--- WHAT YOU NEED TO DO ---
Copy nothing but the lines below, from the one with "CAN'T HARDLY WAIT" through the one with "Be patient with", exactly as written; no pictures should appear.

--- PROVIDED DATA ---
[Start of Attachment]
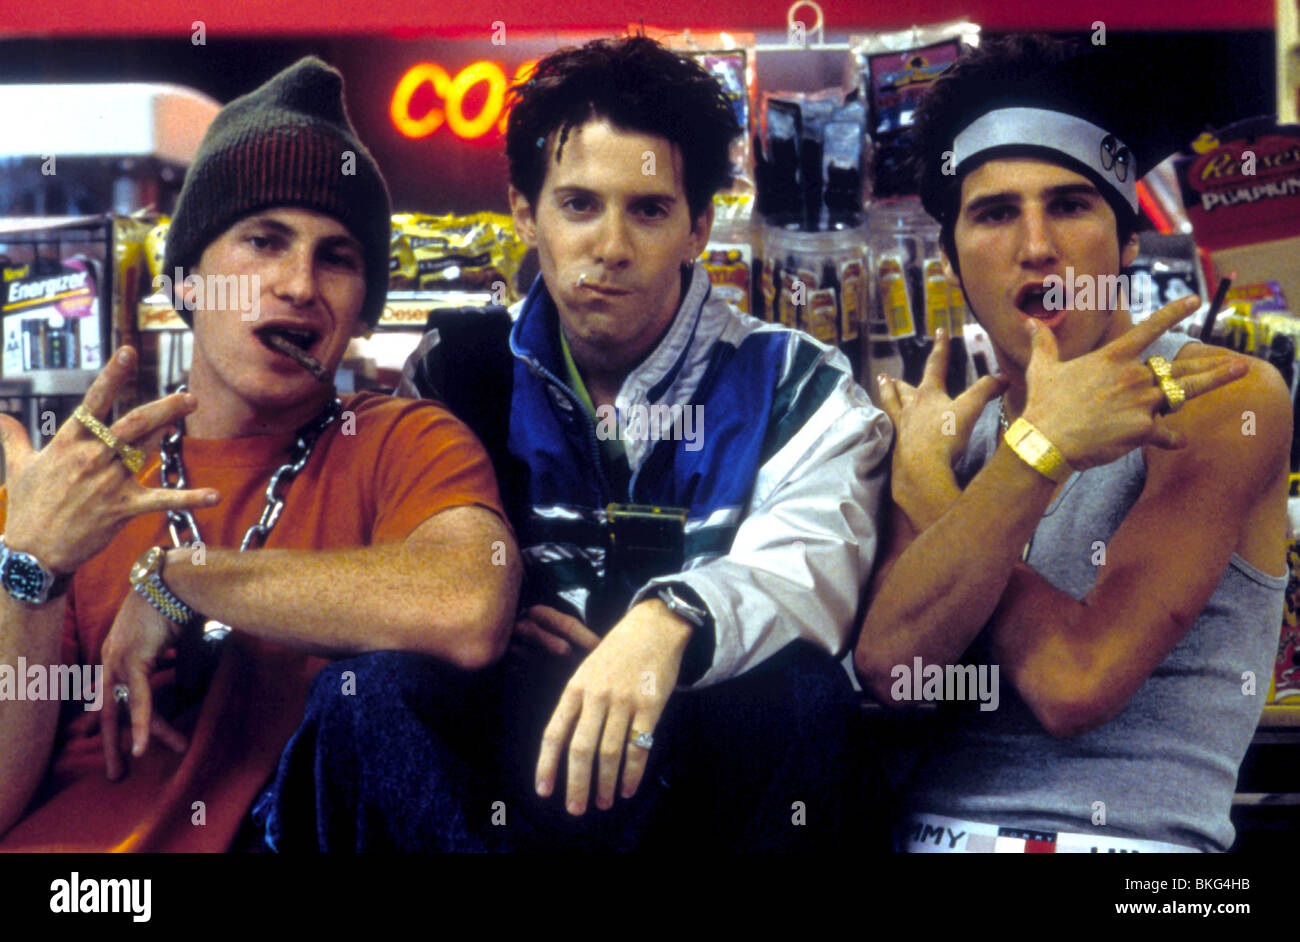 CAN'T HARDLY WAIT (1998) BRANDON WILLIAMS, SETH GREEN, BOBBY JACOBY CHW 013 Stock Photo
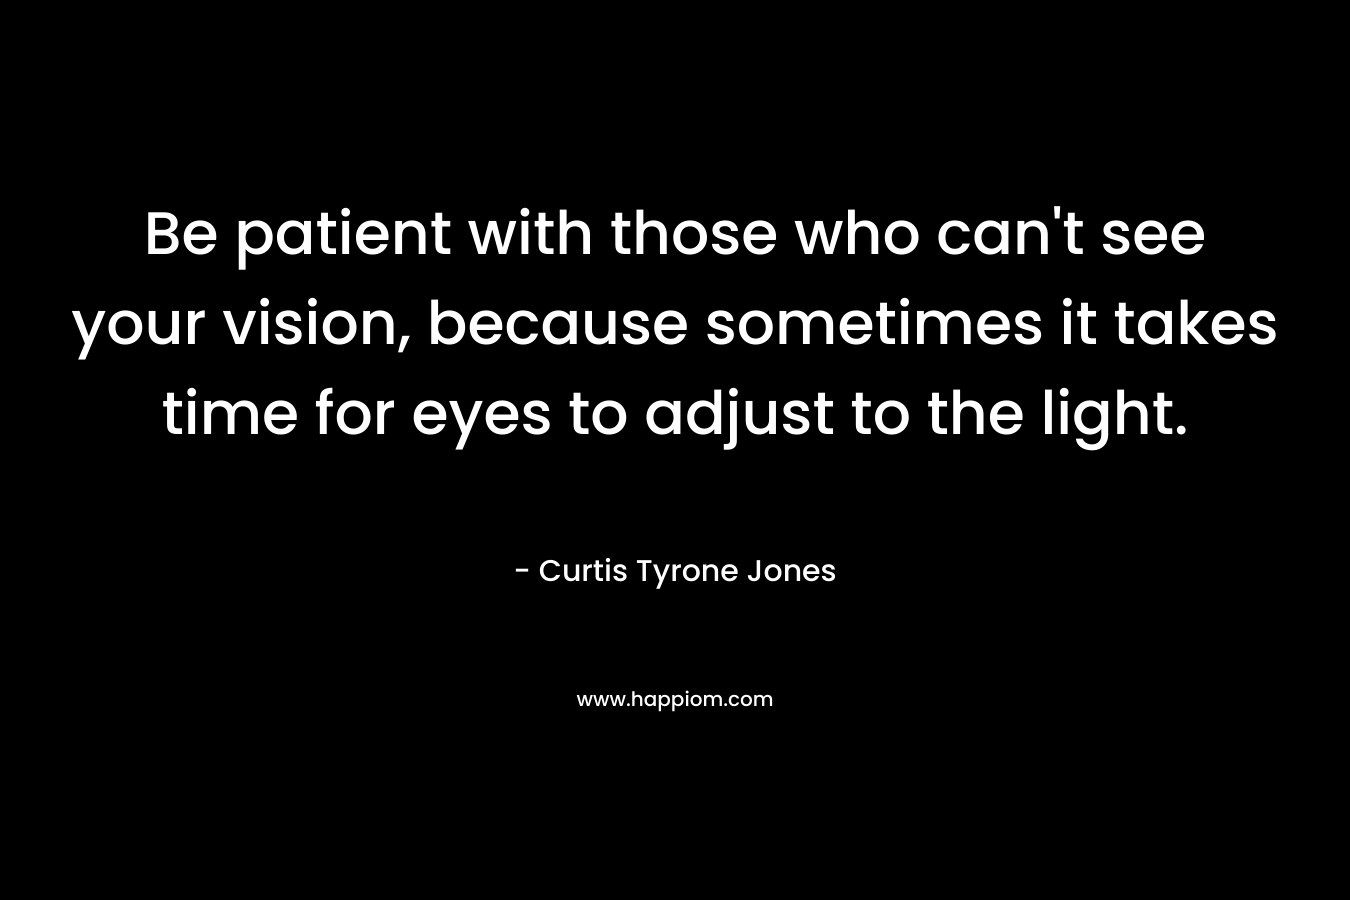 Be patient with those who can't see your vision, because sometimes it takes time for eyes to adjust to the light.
[End of Attachment]
[Start of Attachment]
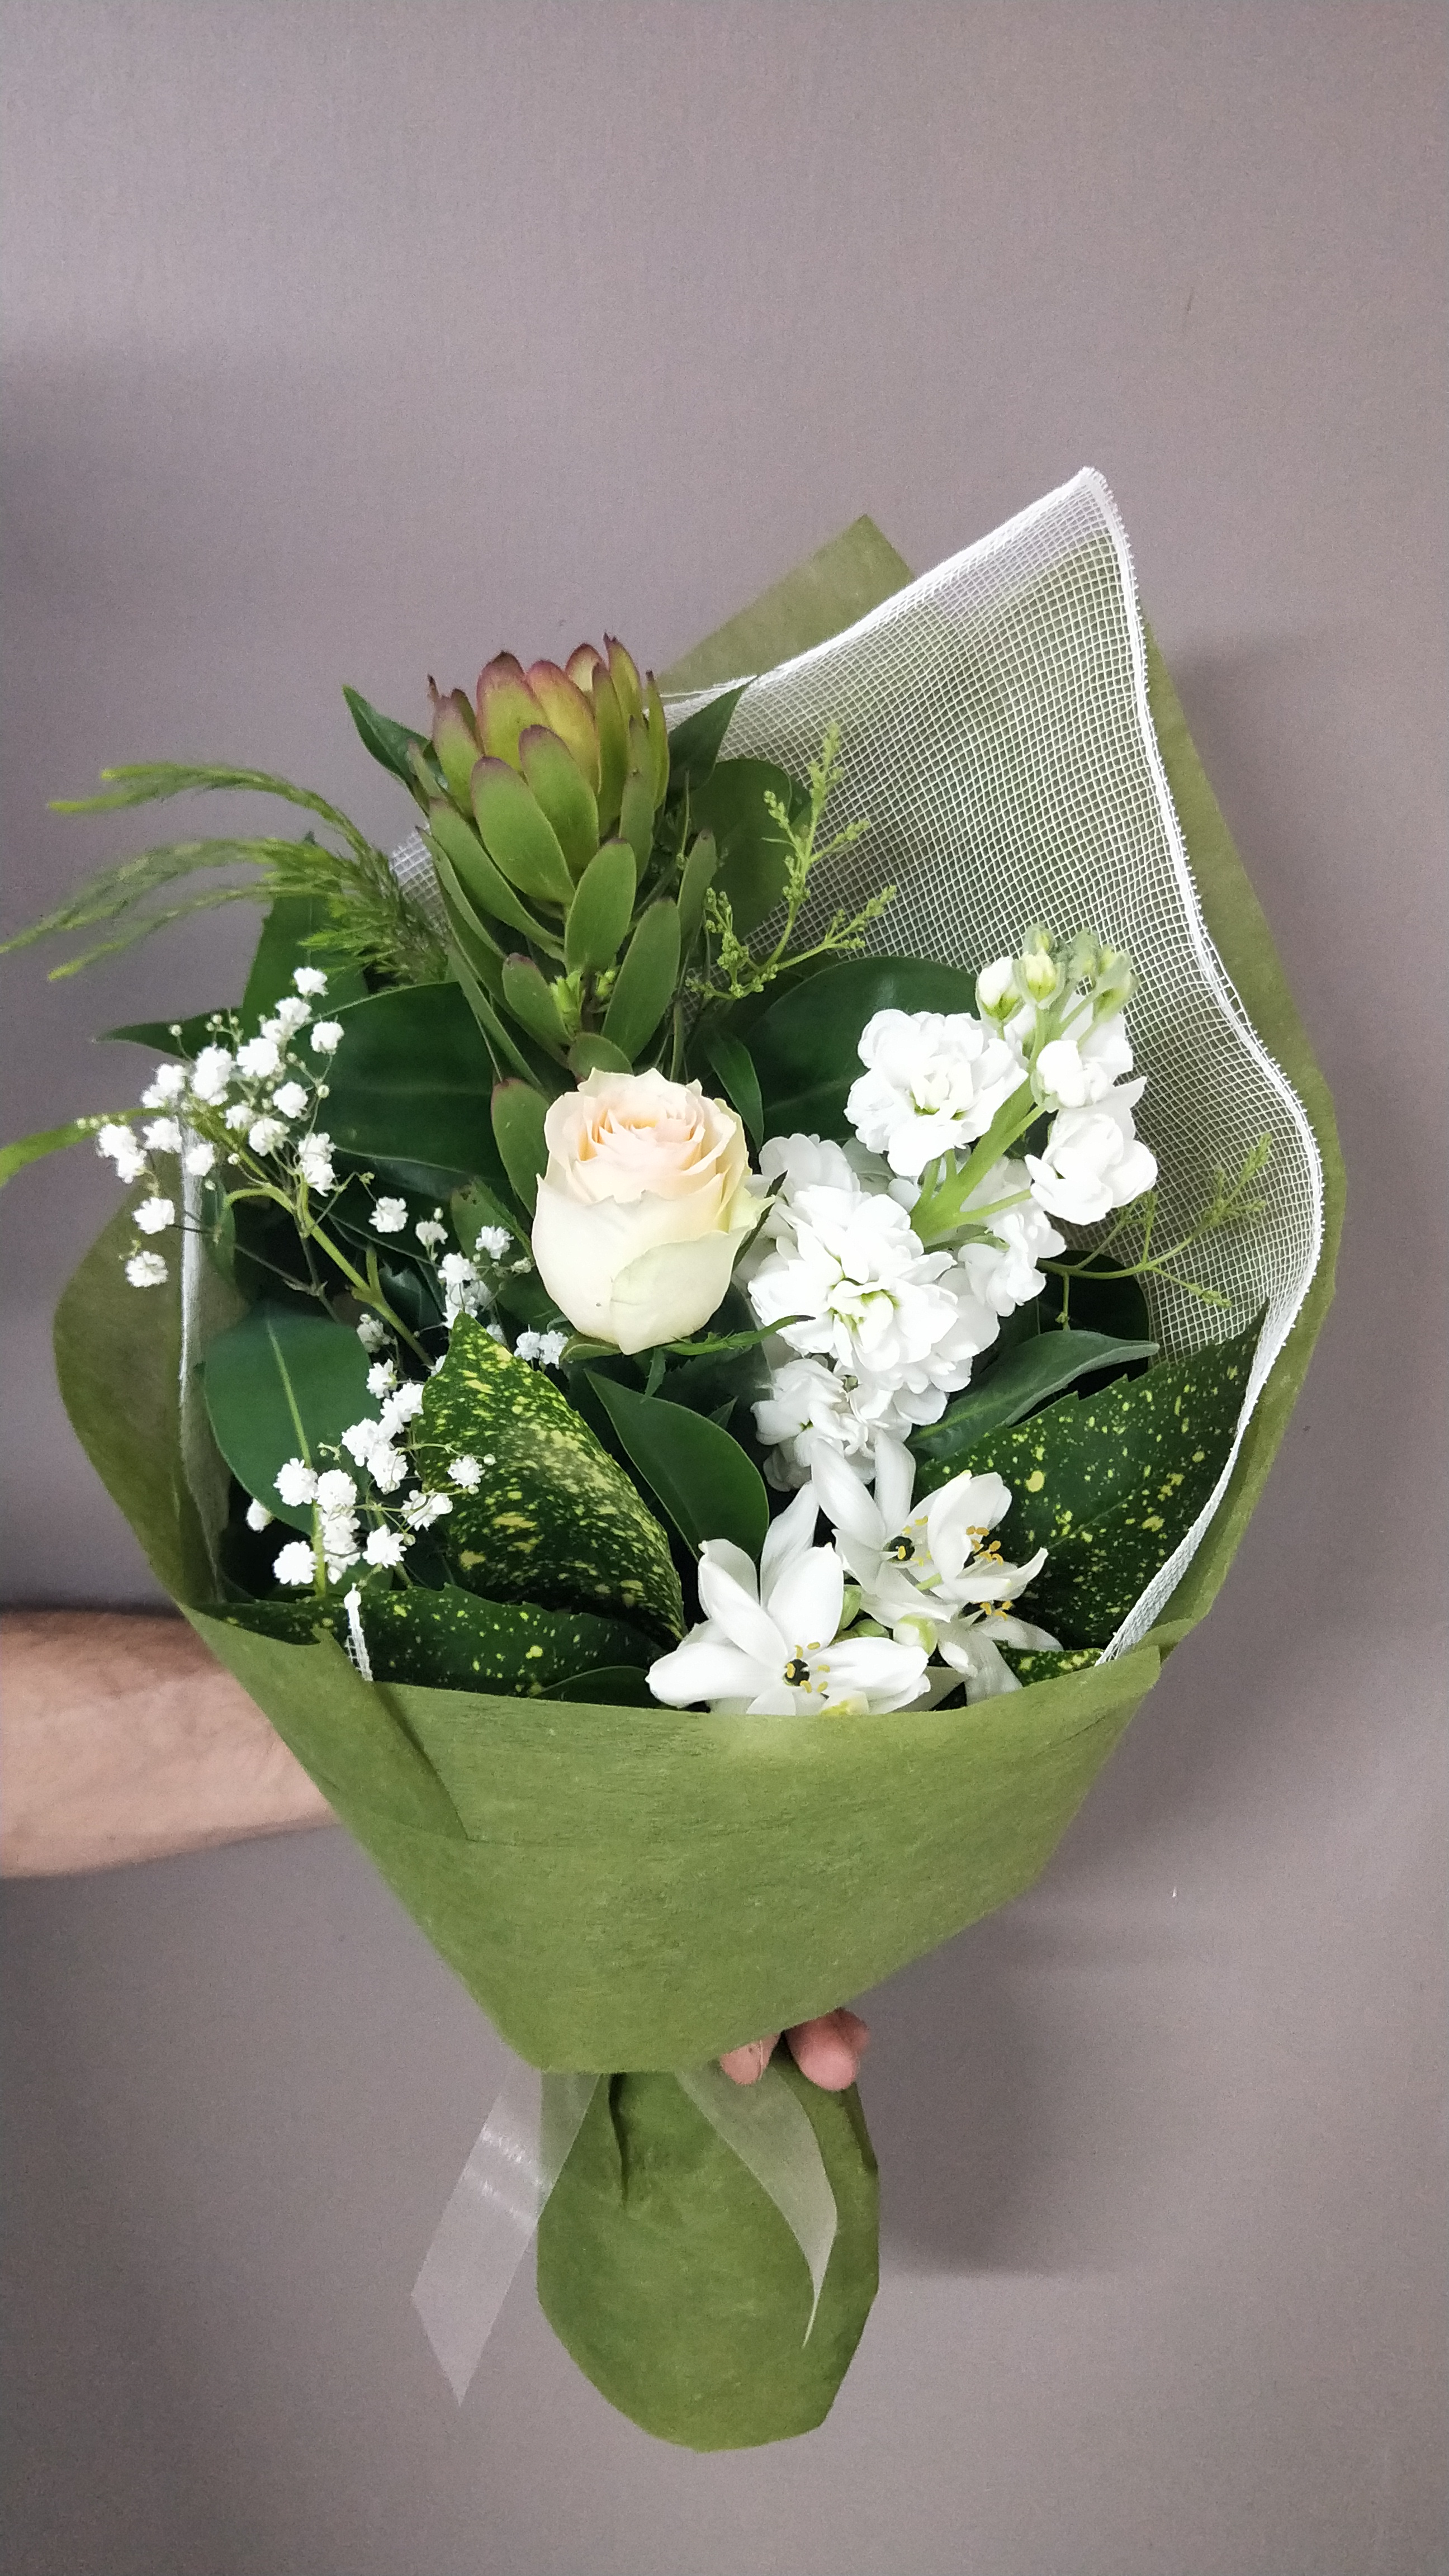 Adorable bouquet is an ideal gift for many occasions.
[End of Attachment]
--- RESULT ---
 CAN'T HARDLY WAIT (1998) BRANDON WILLIAMS, SETH GREEN, BOBBY JACOBY CHW 013 Stock Photo
 Be patient with those who can't see your vision, because sometimes it takes time for eyes to adjust to the light.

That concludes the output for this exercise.